Pendentive 1: Nature: The Bounty of the Land This pendentive celebrates Kentucky’s agrarian foundations with the allegorical figure Ceres, symbol of agriculture and bounty. She is flanked by a jockey and a farmer, further emblems of some of Kentucky’s most notable agrarian symbols. In the background and in the stencils, farmland, race- tracks, and golden wheat indicate a bountiful harvest. The faux bas- relief depicts the aboriginal, pre- western beginnings of the commonwealth.
Pendentive 2: Industry: The Strength of Commerce This pendentive underscores the strength and breadth of Kentucky’s commercial underpinnings. The allegorical figure Mercury (or Hermes) represents commerce and trade, and is joined by a figure moving a barrel of bourbon, a significant element of Kentucky’s economy, and a blacksmith, who signifies the commonwealth’s well- documented history of manual labor, craftsmanship, and industry.

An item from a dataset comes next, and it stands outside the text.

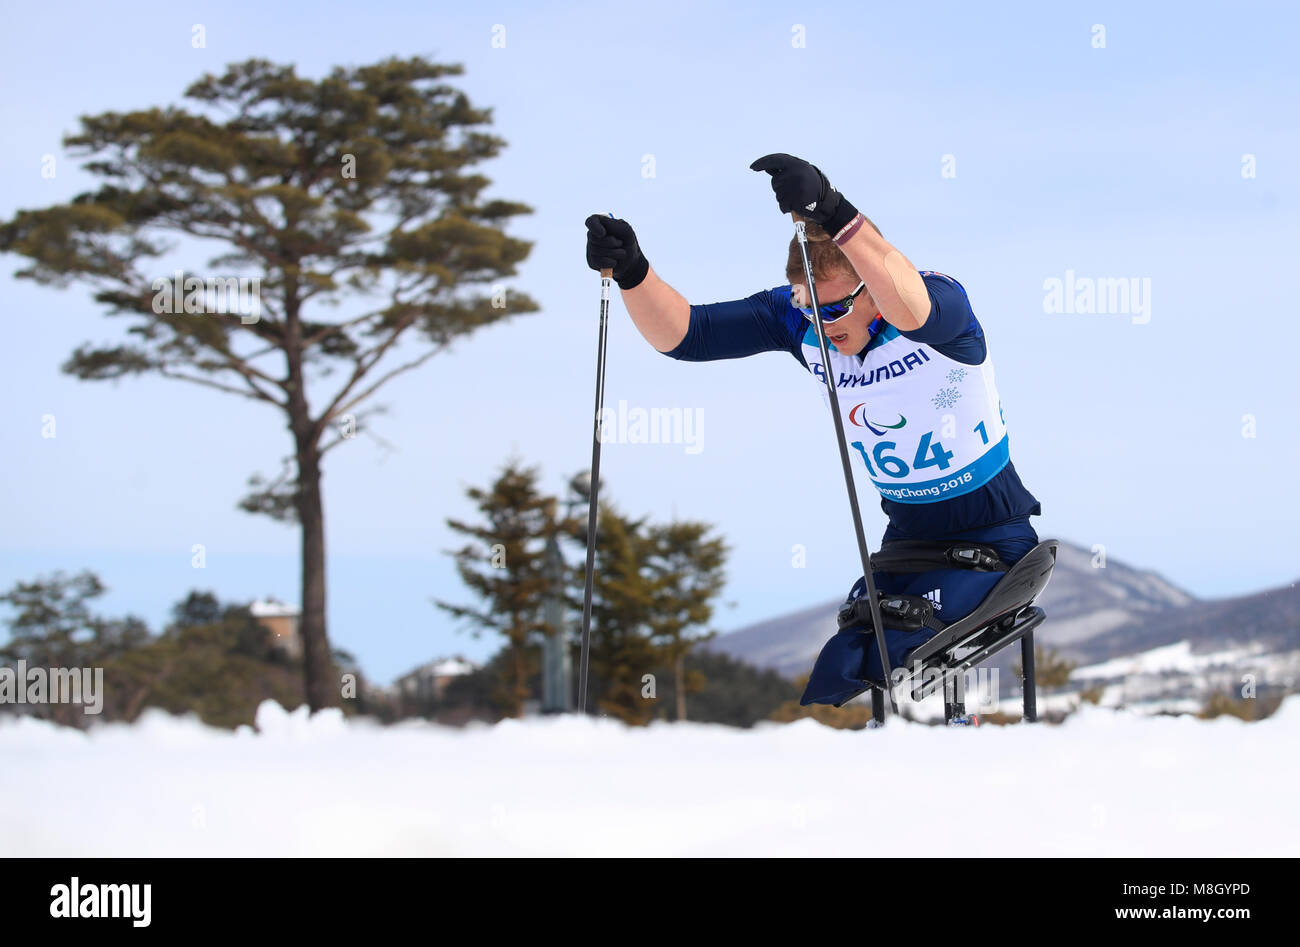 Great Britain's Scott Meenagh competes in the Men's 7.5km, Sitting Cross Country Skiing, at the Alpensia Cross Country Centre during day eight of the PyeongChang 2018 Winter Paralympics in South Korea. Stock Photo

Other iconographical elements include a locomotive crossing the Ohio River Bridge in Louisville, the Ashland refineries lining the riverbanks, and a faux- bas relief at pendentive’s base depicting a Native American Paleo- Indian period scene of the prehistory of industry.
Pendentive 3: Culture: The Fruits of Knowledge In this pendentive, the allegorical figure “Muse of the Arts” represents the tradition of music and dance, two elements intrinsic to Kentucky’s cultural heritage. The other figures of the pendentive are that of a teacher and a young girl learning to play the dulcimer, Kentucky’s state instrument, and a Jurist figure representing elements of law and instruction. The background includes elements of the Kentuckian landscape such as the Red River Gorge, and the faux bas- relief at the base of the pendentive depicts Native American men from the Woodland Period at Wickliffe Mounds (in Western Kentucky) playing drums.
Pendentive 4: Civitas: The Light of Progress This pendentive depicts the allegorical figure Athena, the goddess of civilization, progress, and strength. She is complimented by a coalminer, a symbol of one of Kentucky’s signature industries, and a city planner, a representation of progress and enlightenment. The faux bas relief at the mural’s base portrays Native Americans in animal skins hunting along Kentucky’s Buffalo Trace. In the background, symbols of technical and municipal progress such as the Roebling Suspension Bridge, the Lincoln and Davis memorials, and others are highlighted.